Church this morning was a test of my faith. I attend an established, traditional church, a Disciples of Christ congregation. I like to think our theology is liberal, even if our congregation is fairly gray-haired, older, and conservative. This morning, we sat toward the front, in front of the pulpit. A young, Middle Eastern man slipped into the pew directly in front of us. He was cleanshaven but wildly curling black hair poked out from an unusual knitted wool cap that was a cross between a beret and a sac and totally inappropriate on a June day. Thin and a bit rumpled, he carried a backpack that he set on the floor and immediately rummaged in, pulling out what appeared to be a worn Bible. Was it my imagination or was he breathing hard? Was his cotton shirt sweat-soaked as it looked? My nose thought it answered the last question, but maybe he’d ridden a bike to church. When he turned a bit, I saw huge dark eyes, wide open.
I am not happy to confess that my radar went up. Throughout the service, he read his Bible, ignoring what was going on in worship. He didn’t pray; he didn’t take communion. Why was he amongst us?
A bigger question I asked myself was if I’d have had the same reaction were he blonde with pale skin. I think the answer is that I would still be concerned, but perhaps to a lesser degree. My thoughts raged from faith to instinctive caution. As a liberal progressive, I despise racial profiling and like to think I accept people individually based on who they are. But this young man set off something instinctive in me, a fear I could not deny. In our church, all are welcome at the table, and we believe God teaches us to love all his children, no matter skin color, clothing, whatever. And the other hand, as a woman, I’ve been carefully taught to pay attention to my instincts. If I sense something is wrong, I’m urged to take action to protect myself.
Nothing happened in church, of course. The young man may well have been lost, lonely, and afraid. When the hour of greeting arrived, I shook his hand and welcomed him, and he nodded appreciatively, those wild (honest, they were) eyes looking directly at me.

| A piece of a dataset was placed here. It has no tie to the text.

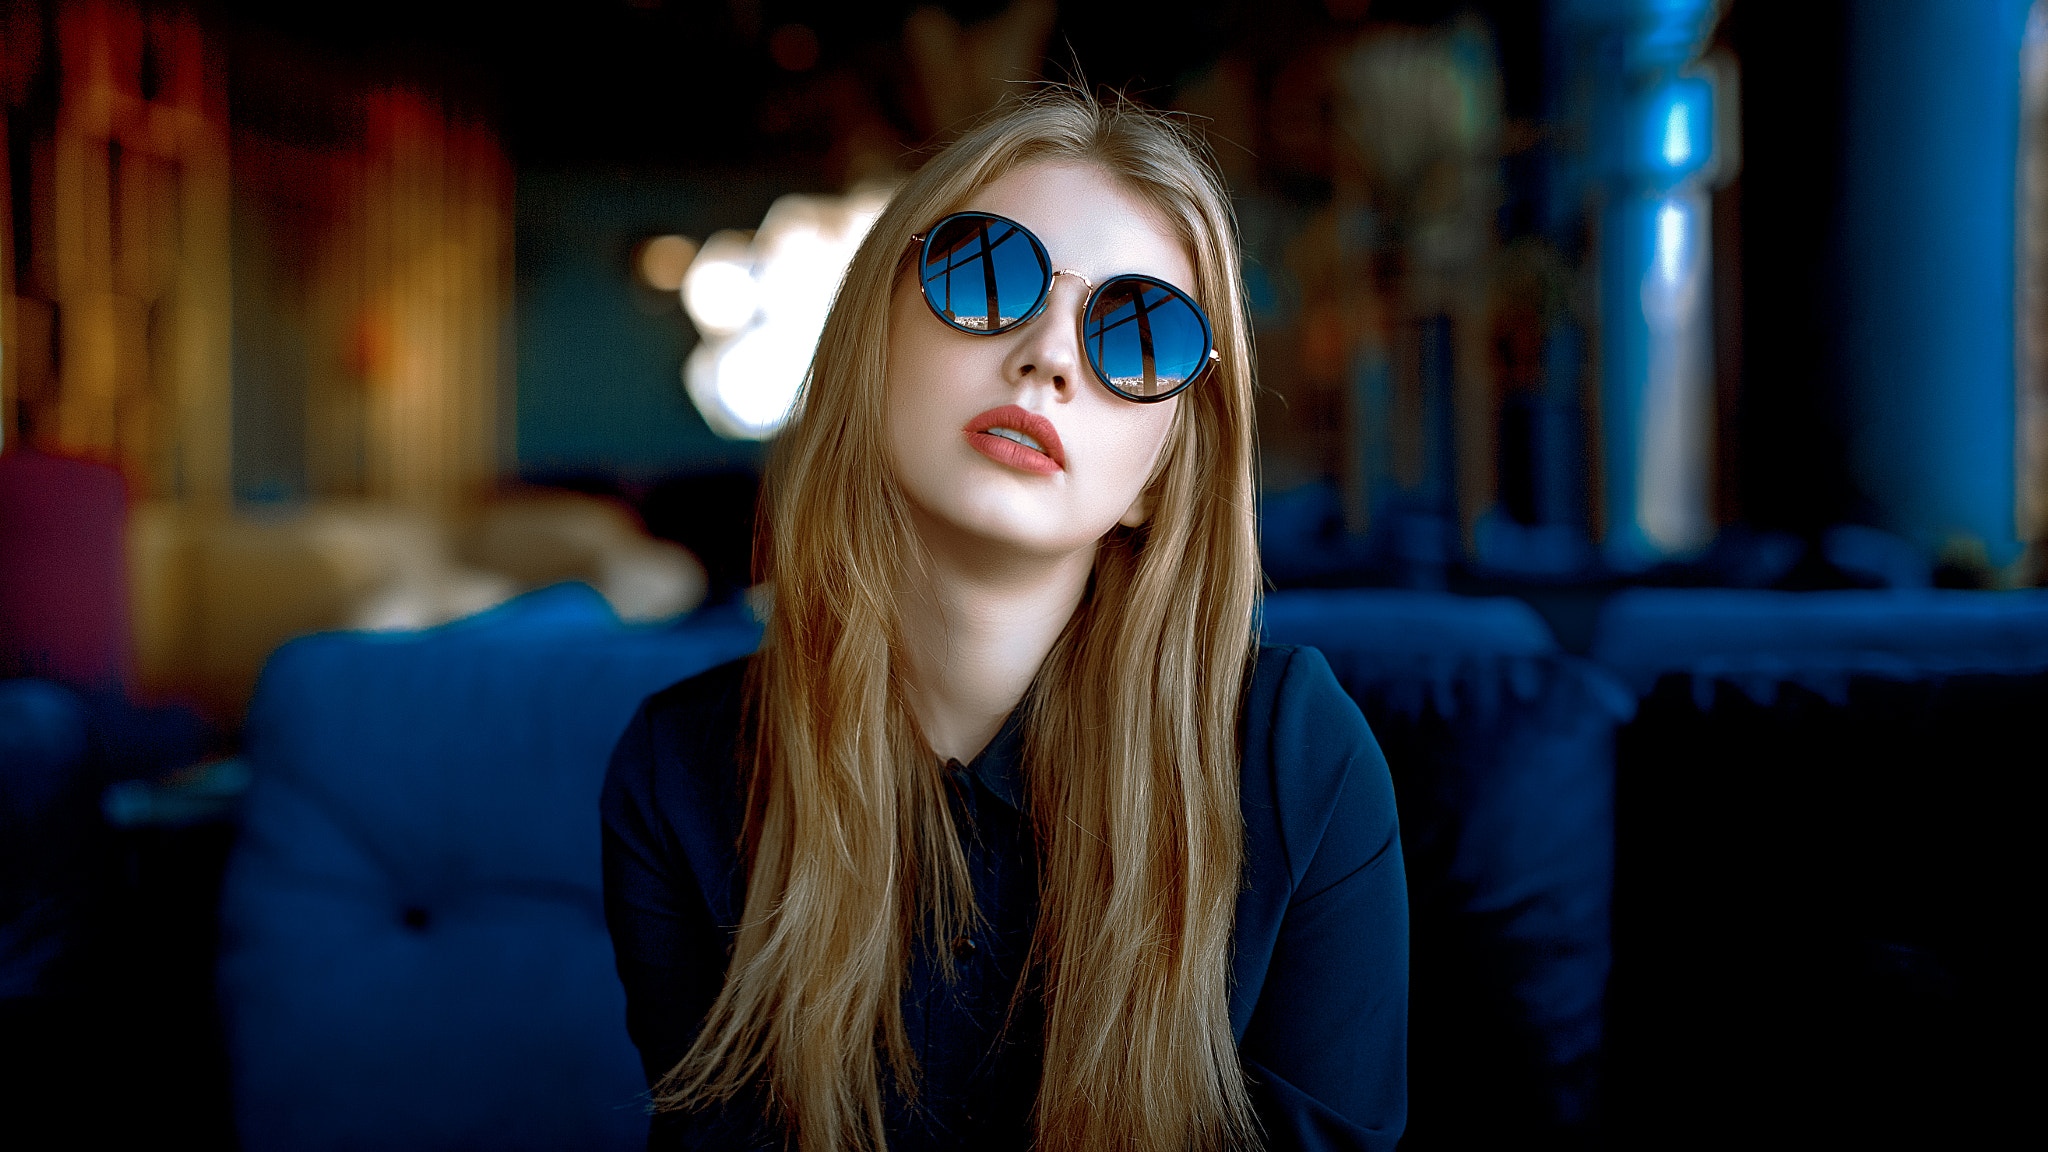 People 2048x1152 women model blonde portrait sunglasses women with shades indoors shirt bokeh depth of field women indoors Andrey Metelkov lipstick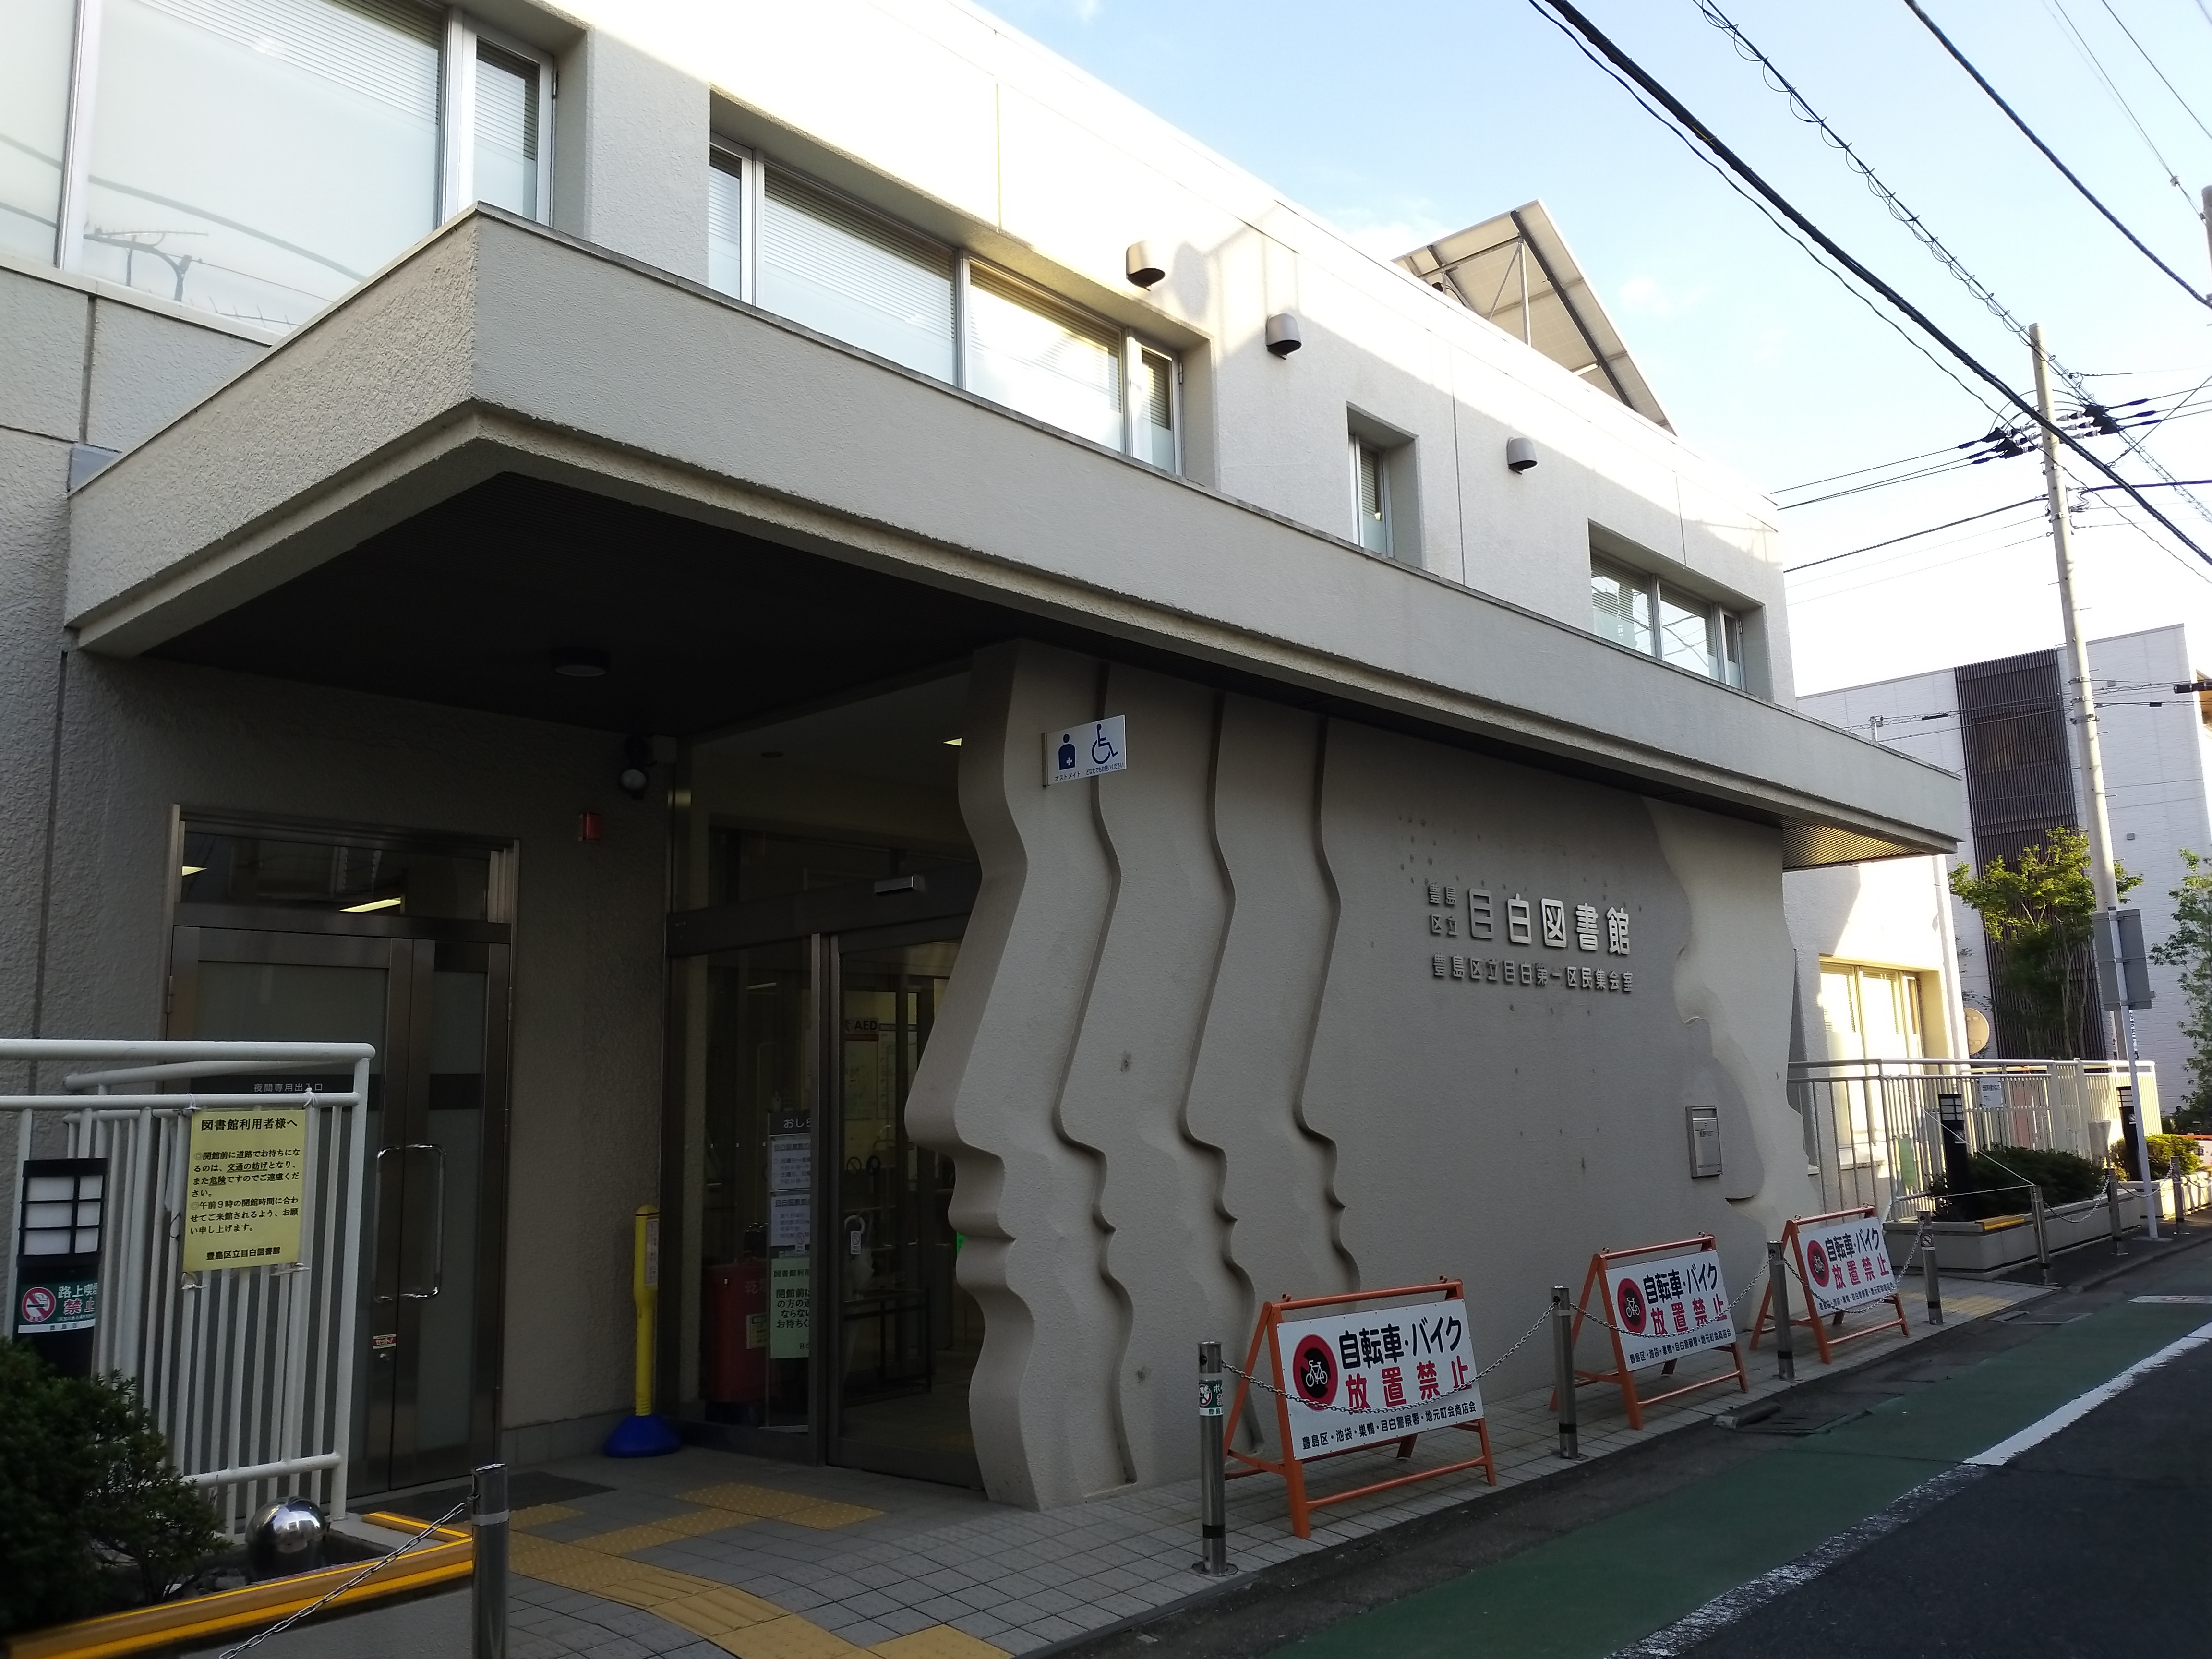 File:Toshima city Mejiro library 20181002 1607.jpg - Wikimedia Commons

I’m left wondering what God thought of my dilemma, and, more importantly, what I think about it. Conscience or caution? I still don’t know the answer. I do know that for a moment there I was reminded of the first lines of a novel I just finished writing, “Susan Hogan thought she was going to meet her maker that March day. Her first thought was irreverent. ‘Really, God? In a grocery store in Oak Grove? Haven’t you got this wrong somehow?’” My thought was, “Really, God? In church on Sunday morning?” But I also felt strangely safe, as though I knew it would all be all right.. Perhaps our lives are going to be filled with that dichotomy in these fear-ridden, uncertain times. Fear certainly is a catching disease.
The day didn’t get immediately better. Washing dishes and my favorite cup, the one I drink tea from every morning, slipped out of my soapy hands; the handle broke off, so now it’s relegated to being a small vase. It was given to me by a close friend who has since died, so it has sentimental value, making the loss that much worse.
Dinner with friends tonight soothed my troubled soul. One of my wimpy friends and her gentleman friend ate on a patio, because it’s in the 80s with a nice breeze. Not sure I would have prevailed, but apparently, he gets cold easily too. Eggplant parmigiana that was delicious. And I thoroughly enjoyed the atmosphere. Thanks to Kathie and Morris for a lovely evening.
I gave myself a holiday from writing today. Piddled at my desk with this, that and the other, even made notes for the novel, but didn’t actively work on it. Pleasant, but I didn’t get as much reading done as I expected. Tomorrow, back to work. And another week begins.